High-performance computing (HPC) systems, including supercomputers, outclass all other classes of computing in terms of calculation speed by parallelising processing over many processors.
HPC has long been an integral tool across critical industries, from facilitating engineering modeling to predicting the weather, writes Sam Dale, senior technology analyst at IDTechEx. The AI boom has intensified development in the sector, growing the capabilities of hardware technologies, including accelerators, interconnects, and memory, at astounding rates.
A new report from IDTechEx, “Hardware for HPC and AI 2025-2035: Technologies, Markets, Forecasts”, predicts that the growing use-cases of AI and machine learning and scale of the largest AI models will drive significant growth in this already-large market. This results in a HPC hardware market forecast of $581-billion by 2035, growing at a CAGR of 13,5% from this year.
The largest exascale HPC systems in the world, which can perform over 1 quintillion high precision floating-point operations per second, are the preserve of government-operated national labs of global superpowers. However, private corporations are not far behind, with cloud providers like Microsoft Azure possessing supercomputers in the upper echelons of performance.

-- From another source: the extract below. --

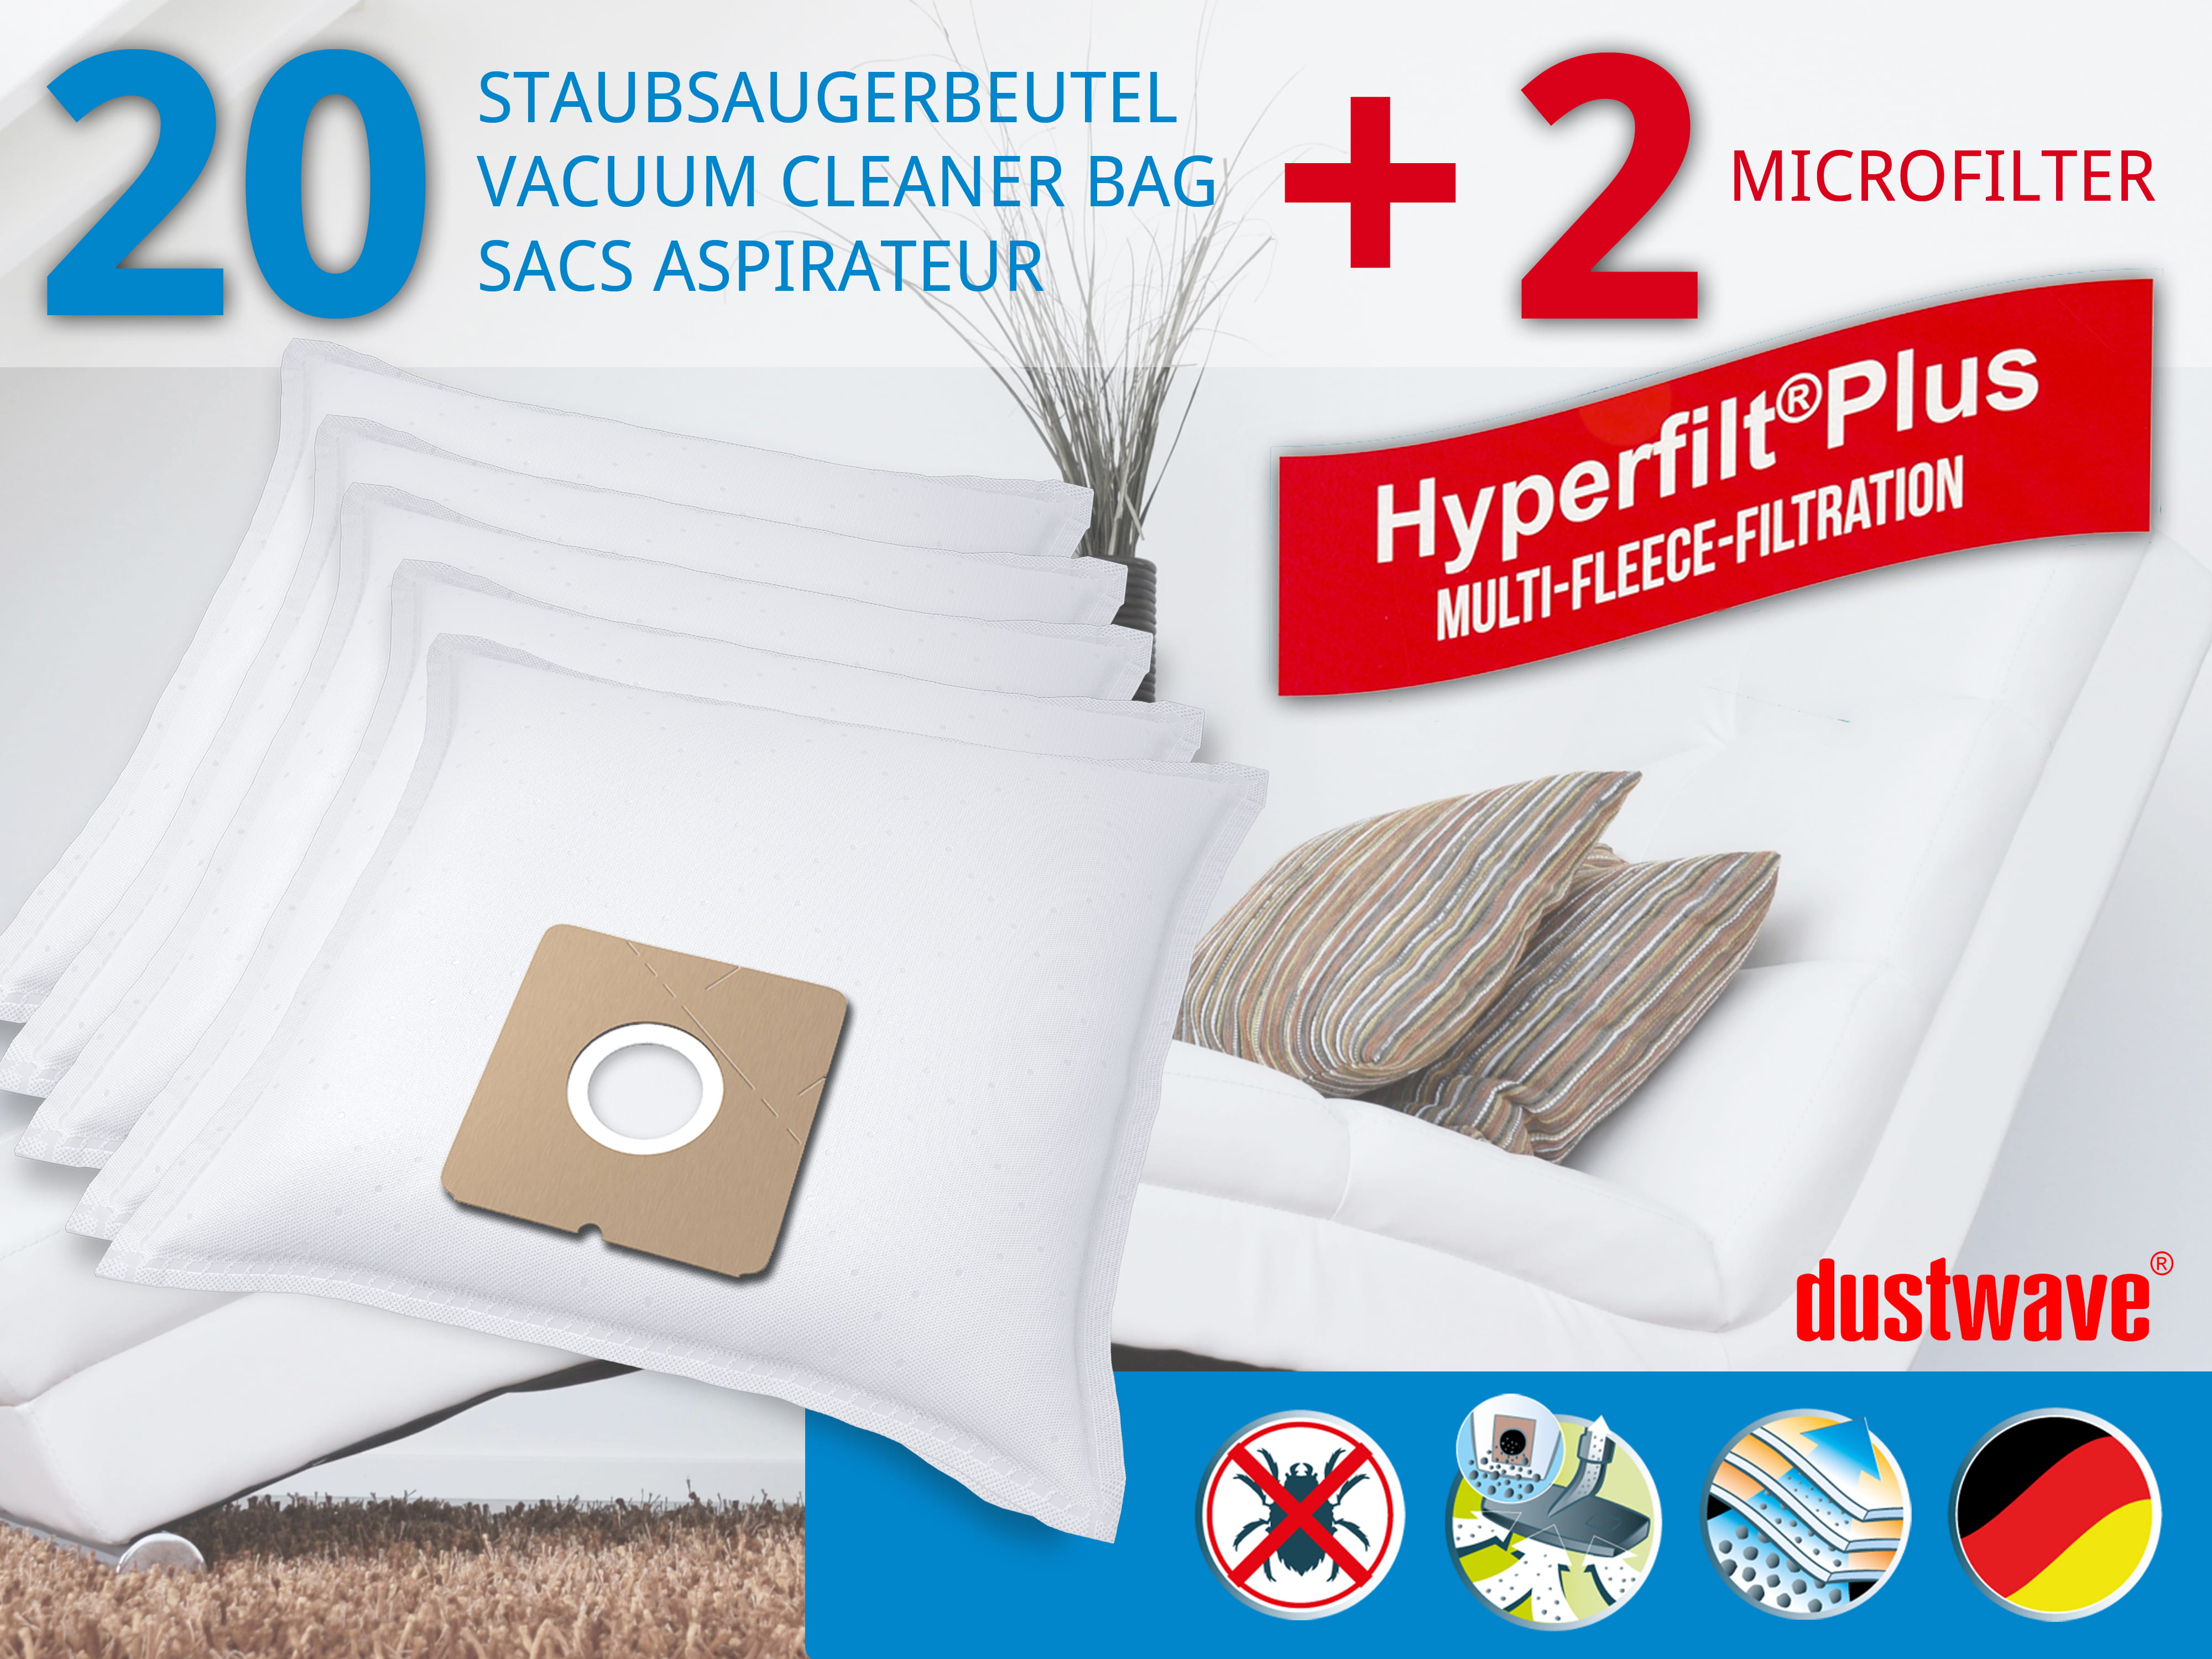 Dustwave® 20 Staubsaugerbeutel für SWIRL Y 98 - hocheffizient, mehrlagiges Mikrovlies mit Hygieneverschluss - Made in Germany

Growth here is only expected to accelerate as the deployment of AI widens.
IDTechEx’s report examines the key hardware challenges in HPC, which revolve around processors, memory and storage, advanced packaging, interconnects, and thermal Nvidia.
However, substantial progress has also taken place in the CPU market, with core counts approaching 200 in chips like AMD’s Turin processors and the deployment of integrated heterogeneous systems – GPUs and CPUs integrated into the same package – taking place in the world’s most powerful supercomputers, including the US’s El Capitan and China’s Tianhe-3.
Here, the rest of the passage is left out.